Data block =>
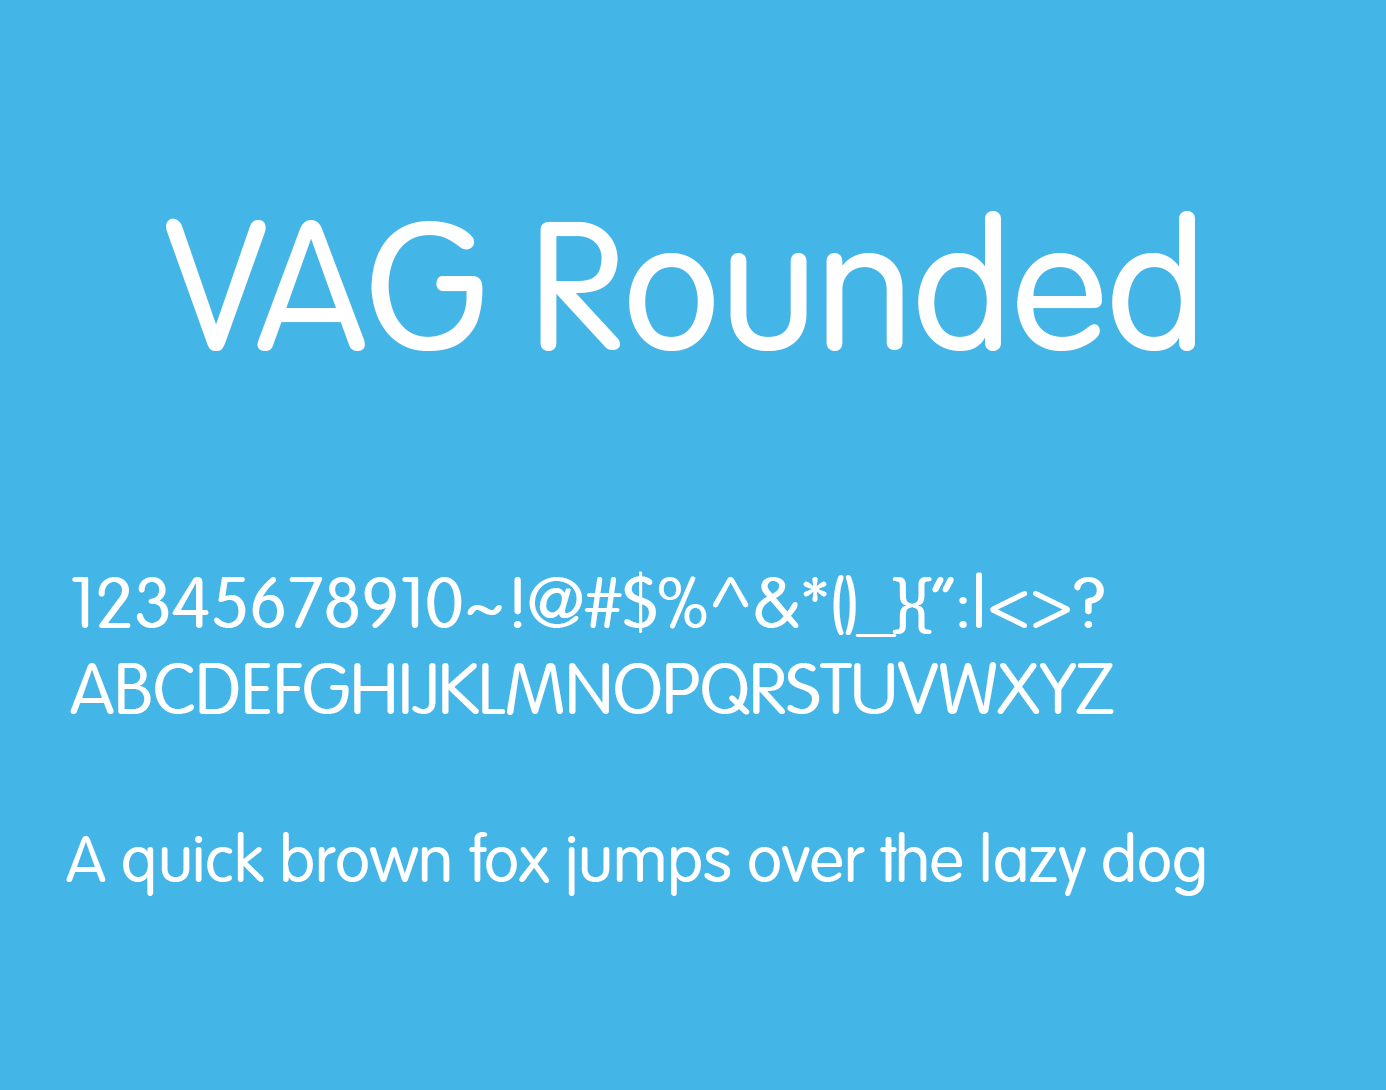 Vag rounded font free download mac
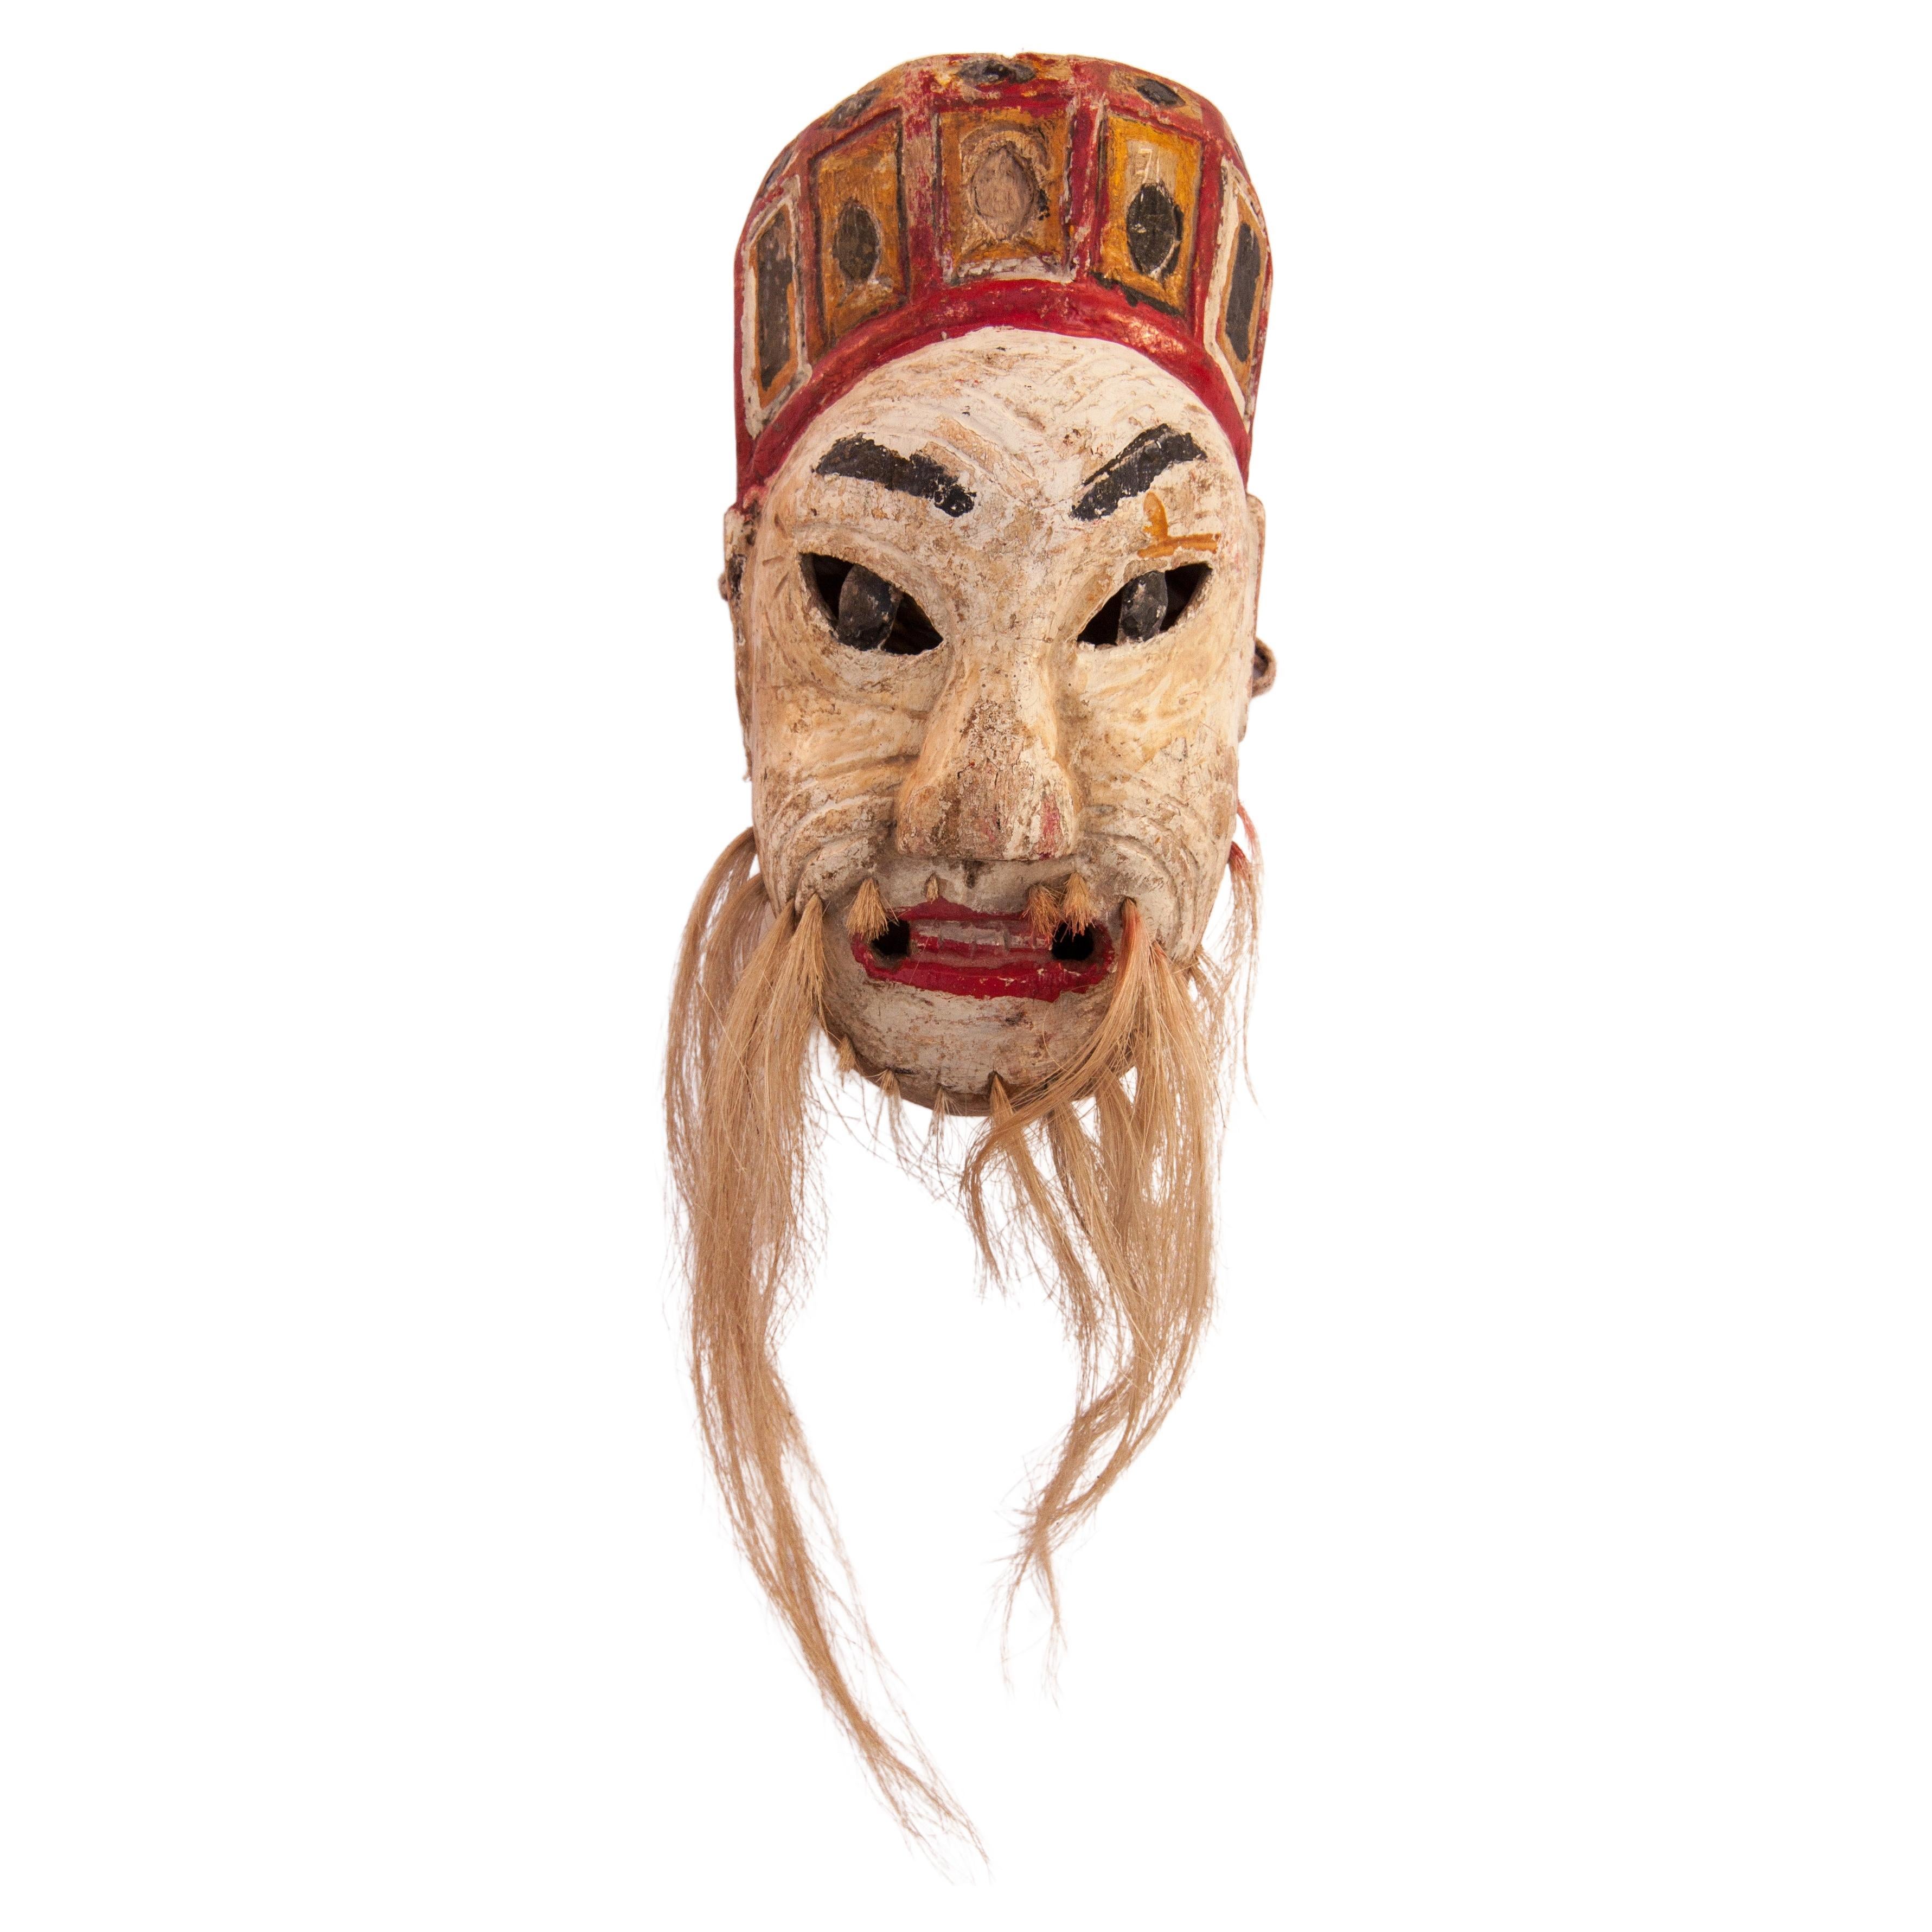 Vintage Nuo Theater Performance Mask Guizhou, China, Early to Mid-20th Century
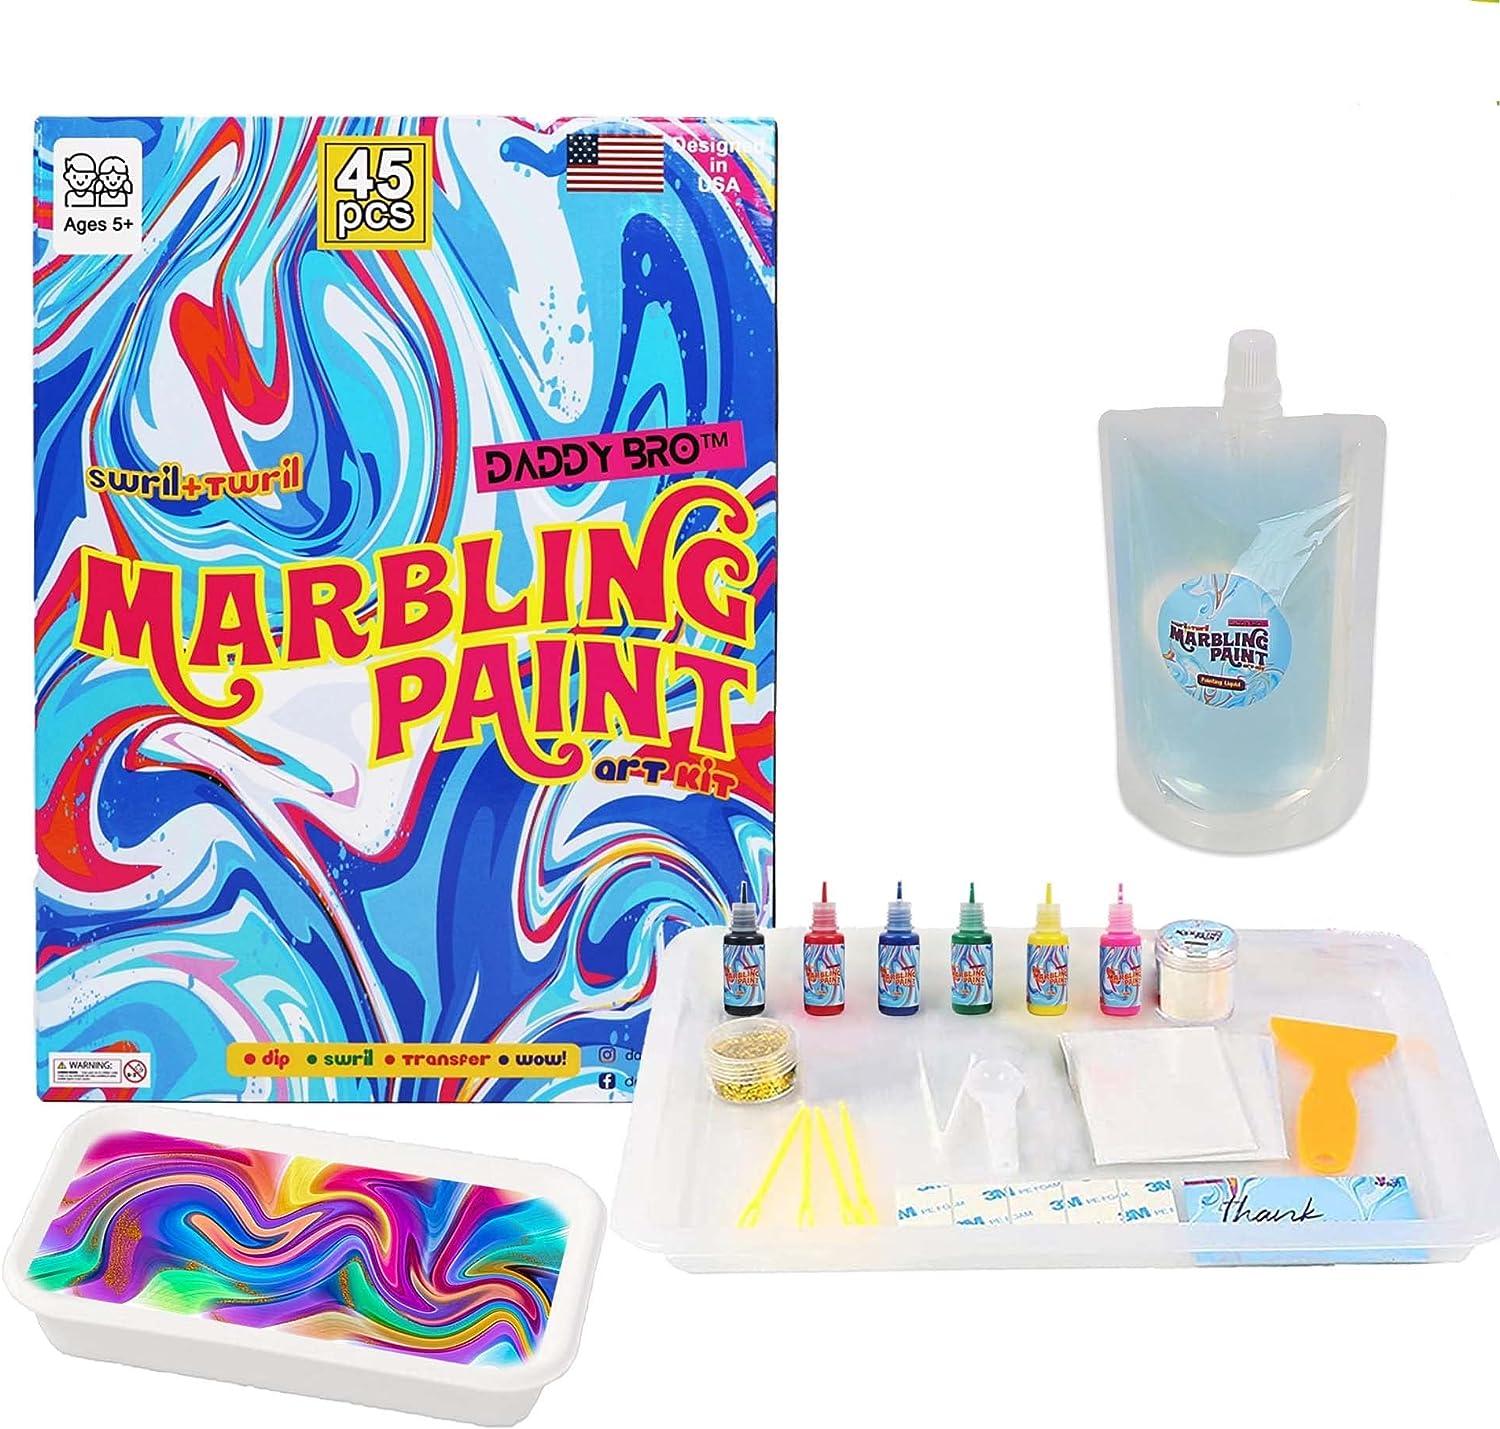 Marbling Painting Kit 12 Colors  Water Marbling Paint Art Kit - 6/12 Color  - Aliexpress
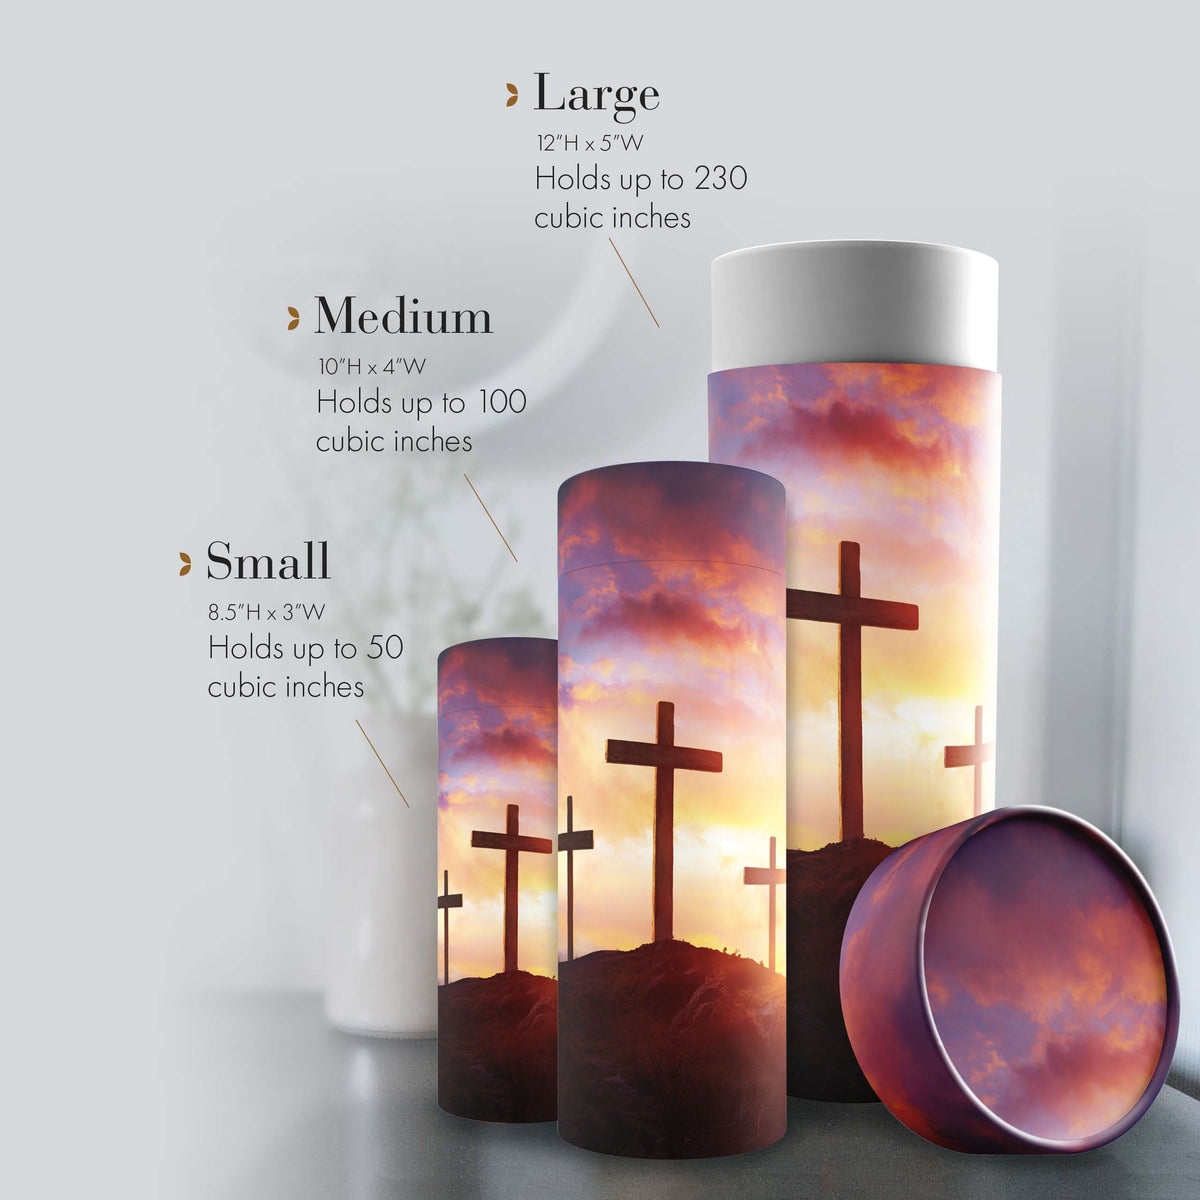 Commemorative Cremation Urns Three Crosses - Biodegradable &amp; Eco Friendly Burial or Scattering Urn / Tube

What you have to do => Word for word, retype the lines from the one that contains "Marbling Painting Kit" through the final line of the data, both ends included, excluding pictures.

Reply =>
 Marbling Painting Kit 12 Colors  Water Marbling Paint Art Kit - 6/12 Color  - Aliexpress
 Commemorative Cremation Urns Three Crosses - Biodegradable &amp; Eco Friendly Burial or Scattering Urn / Tube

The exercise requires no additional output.